A judge has thrown out evidence, including a loaded firearm, that was seized during a raid on a meth lab at a Vancouver home after finding police had violated the rights of two residents charged in the case.

After B.C. Supreme Court Justice Nigel Kent concluded that the evidence was inadmissible, the Crown dismissed charges that had been laid against Shu Tshung Wong and Lena Truong.

The accused were charged with seven drug and firearm offences following the discovery of the methamphetamine lab and the handgun at their home in the 2900-block East 15th Avenue on June 15, 2012.

During the execution of a search warrant, members of the Vancouver police and the RCMP clandestine lab team found in the upstairs of the home items associated with the manufacture of meth, including Reactine pills, pipes used for smoking meth and several baggies containing about 28 grams of meth.

In a bedside table police located a Glock firearm in a gun case, with a magazine loaded with 17 cartridges.

Other meth lab equipment, including glassware, precursor chemicals and air filtration masks, was also located in the home.

In pre-trial rulings, the judge found that police had committed eight Charter of Rights breaches against the two accused.

The judge ruled that while both accused were promptly informed of the reasons for their arrest and of their right to retain and instruct a lawyer without delay, they were nonetheless wrongly denied those rights.

Court heard that before the arrests, police had decided that the accused would be detained before the search warrant was executed and that they would be held until the warrant was actually executed.

Police also decided that the accused would be held incommunicado between the time of the arrest and the execution of the warrant, some six hours, during which time their access to a lawyer would be withheld.

The police said the decisions were made to ensure officer and public safety and to prevent any outside communications to destroy evidence.

But the judge said there was no reasonable factual basis for police to believe there was a safety issue or that the destruction of evidence might happen if they were given access to lawyers.

He said the rights violation was “wilful” and “flagrant” and dismissed the police officers’ “dissembling testimony” purporting to justify their decision.

“There can be no doubt the conduct constituted a major and deliberate departure from Charter standards,” said the judge.

“It was conduct expressly approved by senior decision-makers within the police department and perhaps worse still, it was a not uncommon tactic employed by the police on ‘project’ investigation files such as the one in this case.”

Kent said the violation fell at the most serious end of the spectrum and had a significant impact on the accuseds’ interests.

“Society has a very strong interest in detecting, prosecuting and convicting those individuals who operate ‘meth labs’ and who commit firearms offences,” he said.
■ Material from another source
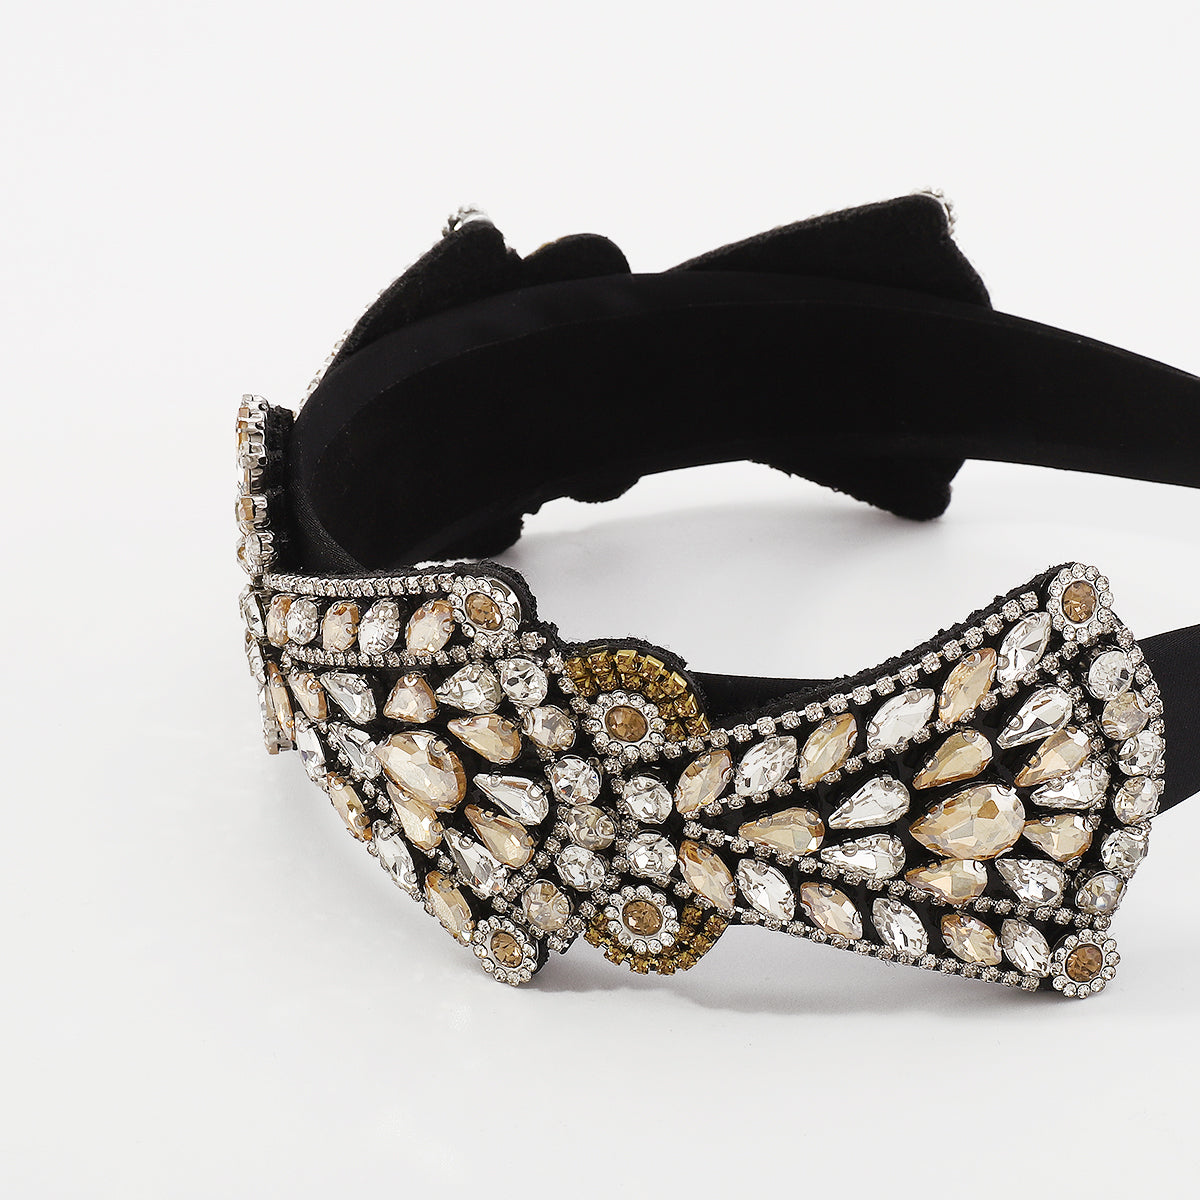 Exquisite Rhinestone Bow Headband medyjewelry

“Sometimes, however, police misconduct in investigating these crimes is such that evidence critical to the prosecution must be excluded and the accused set free as a consequence.”

The judge said the police misconduct surrounding the arrest and detention of the accused was enough on its own to exclude the evidence.

But he added that if he was wrong about that, he would hold that the cumulative effect of all of the breaches, which also included covert surveillance of the home and swabbing of Wong’s vehicle, would produce the same result.